Consider for a moment the 1993 article by Vinge where he states -
Quote:
Originally Posted by Vinge
I argue in this paper that we are on the edge
of change comparable to the rise of human life on Earth. The precise
cause of this change is the imminent creation by technology of
entities with greater than human intelligence. There are several means
by which science may achieve this breakthrough (and this is another
reason for having confidence that the event will occur):
o The development of computers that are "awake" and
superhumanly intelligent. (To date, most controversy in the
area of AI relates to whether we can create human equivalence
in a machine. But if the answer is "yes, we can", then there
is little doubt that beings more intelligent can be constructed
shortly thereafter.
o Large computer networks (and their associated users) may "wake
up" as a superhumanly intelligent entity.
o Computer/human interfaces may become so intimate that users
may reasonably be considered superhumanly intelligent.
o Biological science may find ways to improve upon the natural
human intellect.
|
Vigne goes on to state -
Quote:
Just so I'm not guilty of a relative-time ambiguity, let me more specific:
I'll be surprised if this event occurs before 2005 or after 2030.)
|
So given it is now 2012, we now have 18 years to fulfill Vigne's prediction.
Now a good starting point to building a conscious machine would be to
understand how the human brain works.
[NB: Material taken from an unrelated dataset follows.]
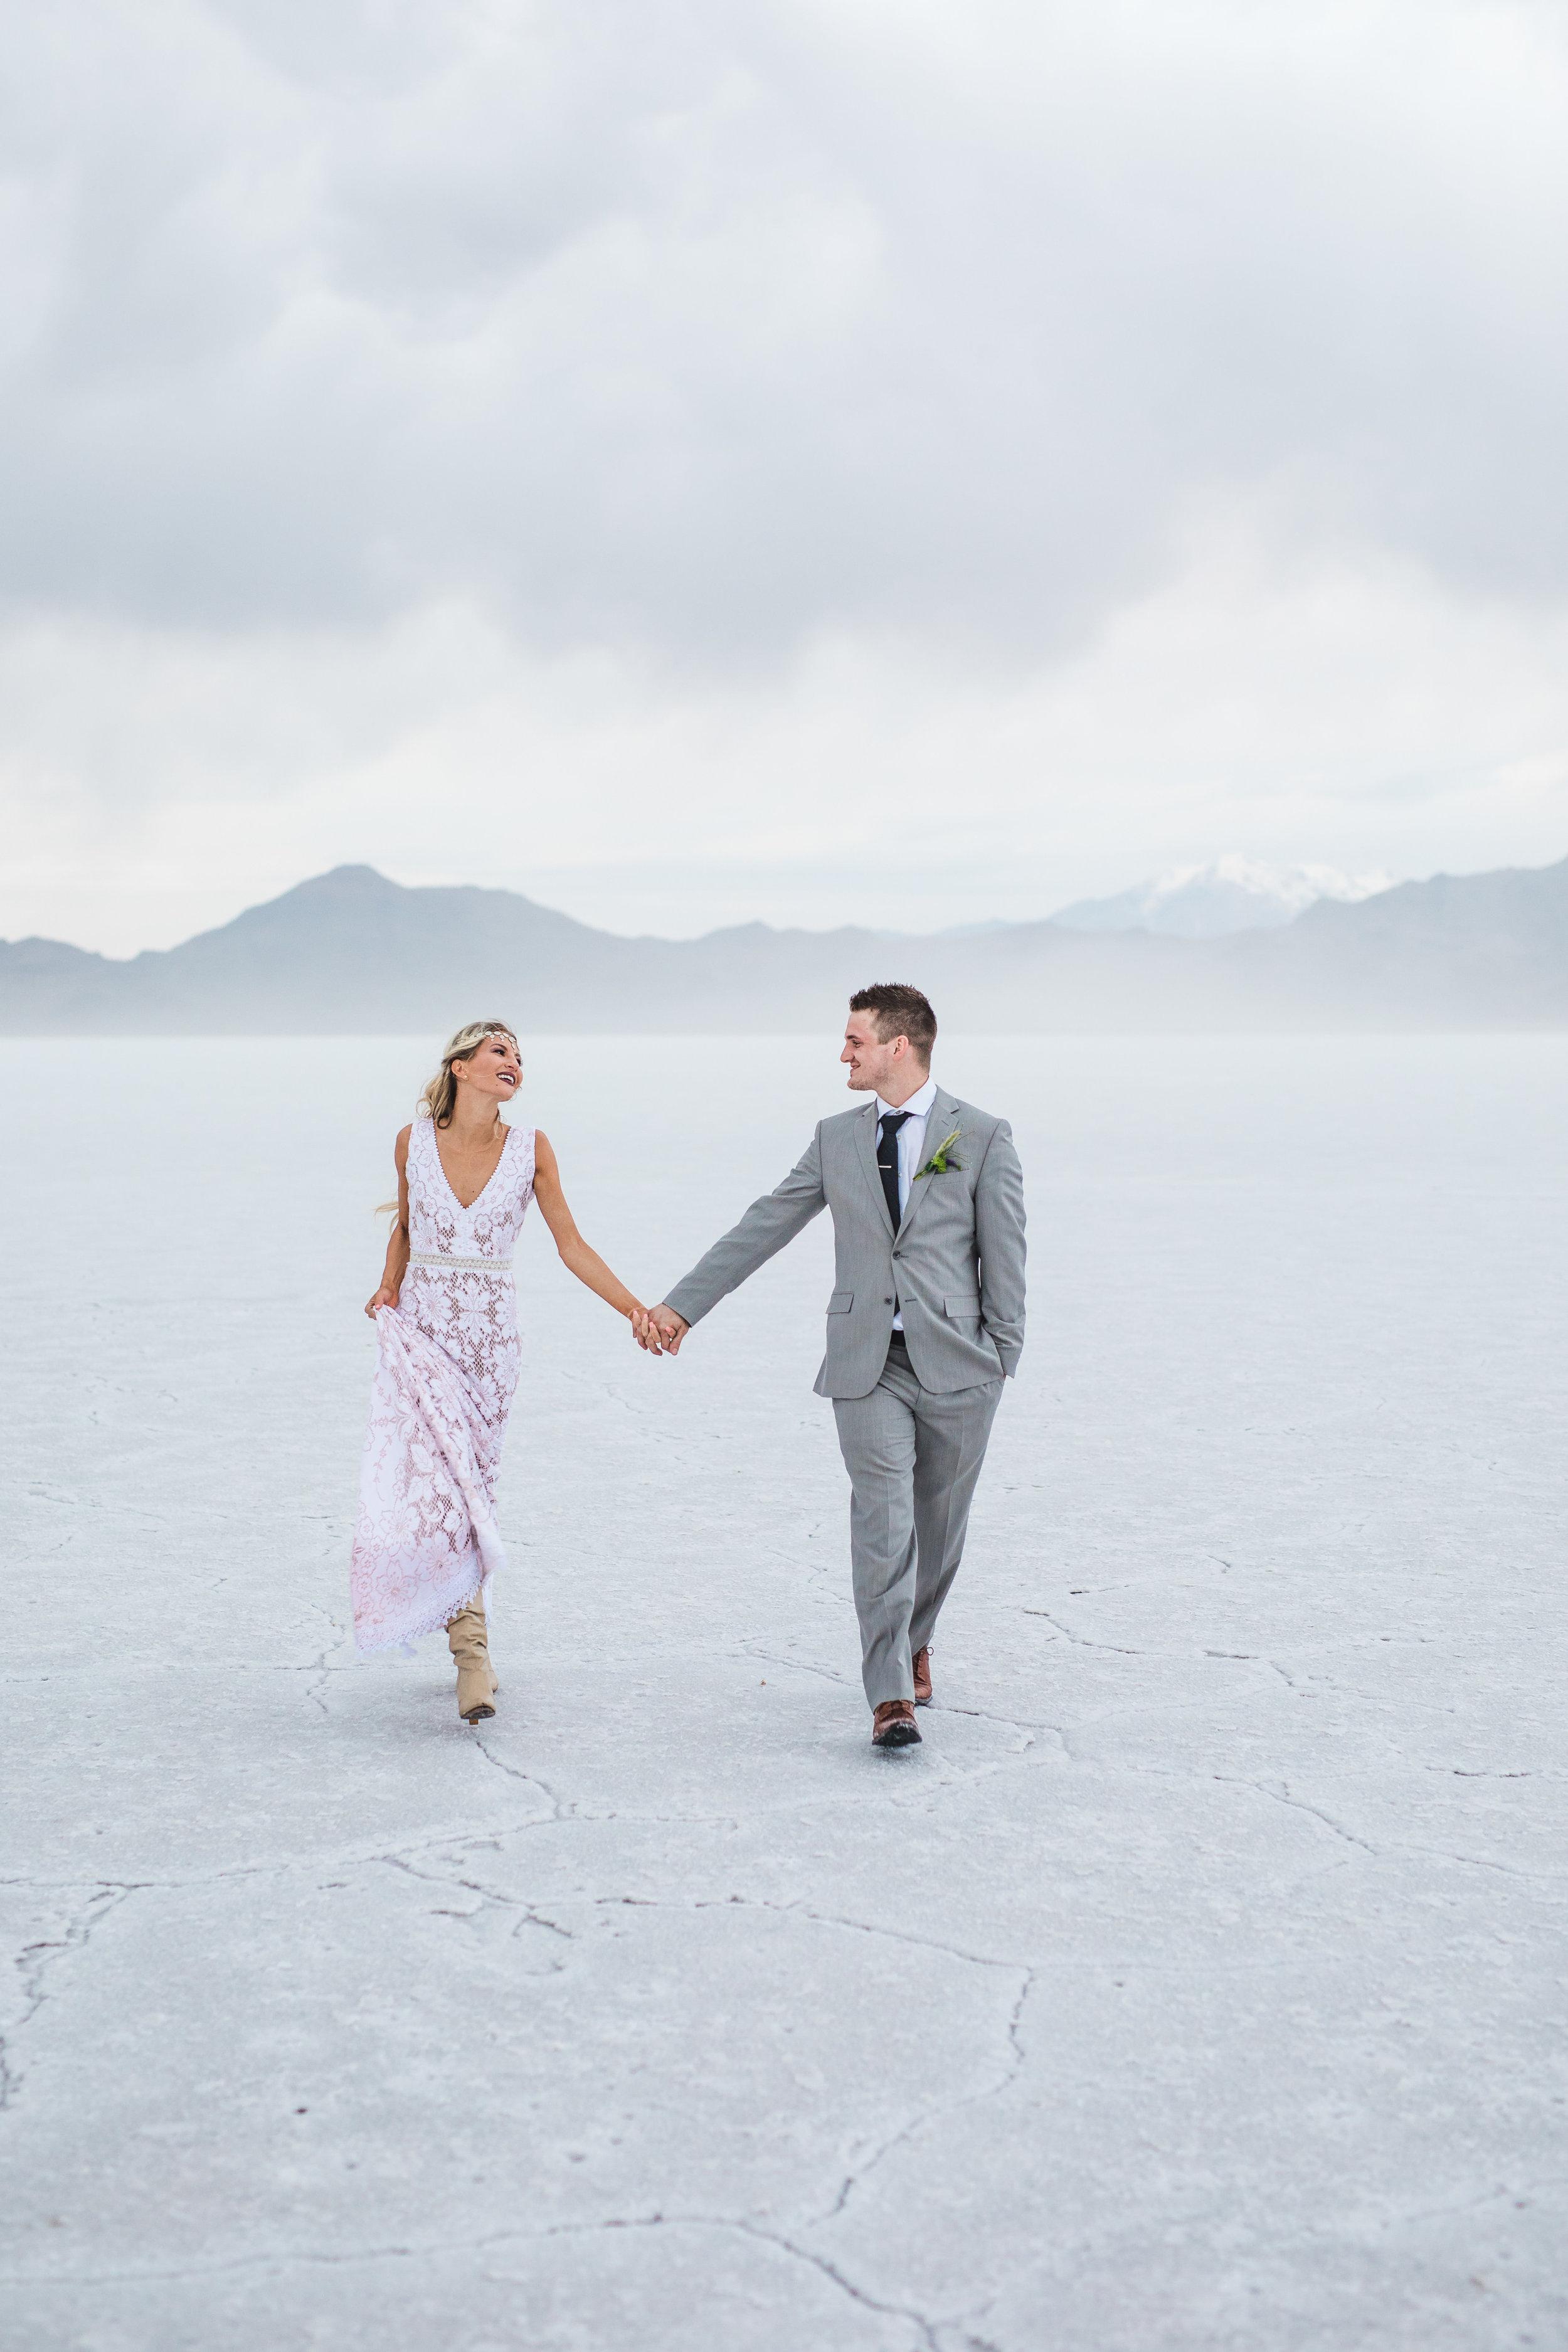 Kyle Loves Tori Utah Traveling Fine art adventure wedding photography

The reality is that we don't.
Consider the state of the art of neurology in understanding brain function.
The most important tool used has arguably been the microprobe. In other words, a little
needle for poking around. We have been probing and probing for decades, combining
it with a growing understanding of molecular biology and more recently using imaging
technology.
But what makes you conscious? We currently don't have a clue. How
do we organize our memories and index them in an associative way?
Nobody definitely knows.
Like most chimpanzees who don't seem to have the capacity to
figure out that the reflection they are looking at in the mirror is of themselves,
perhaps how the brain functions, consciousness arises and memory is organized alludes
us simply because we aren't smart enough to see it.
But perhaps one day there will be a breakthrough. Perhaps it will come
from a single individual with a mind of a Newton, a Mozart or an Einstein.
Someone who studies brain function, "gets it" and can then explain it
to the rest of us primates.
But until that time, rest assured that somehow, as Vigne might suggest,
you come into the room one morning and discover your Toshiba notebook had
joined with the Internet to suddenly become self conscious is impossible.
No need to keep a broom handy to hit it with.
The Institute of Electrical and Electronic Engineers (IEEE) had a 2008
edition of its Spectrum magazine completely devoted to the topic of the
technological singularity.
Those articles and other resources including videos and podcasts are available here -
http://spectrum.ieee.org/static/singularity
It even includes a PDF wallchart of "who's who" in the debate -
http://spectrum.ieee.org/images/jun0.../swho_full.pdf
in what is described as "a guide to the singularity true believers, atheists,
and agnostics".
There are videos and podcasts by Vigne and articles such as "Reverse Engineering
the Brain". (Even the storage requirements of trying to image a fruit fly's brain is
staggering.)
The most impressive demonstration of machine learning to date has clearly
been IBM's Watson.
A wonderful documentary on YouTube here (Part 1 of 4) -
http://www.youtube.com/watch?v=5Gpaf6NaUEw
Episode of Watson playing Jeopary here (Day 1) -
http://www.youtube.com/watch?v=qpKoIfTukrA
But as for reaching the singularity any time soon? Keep banging the rocks together guys.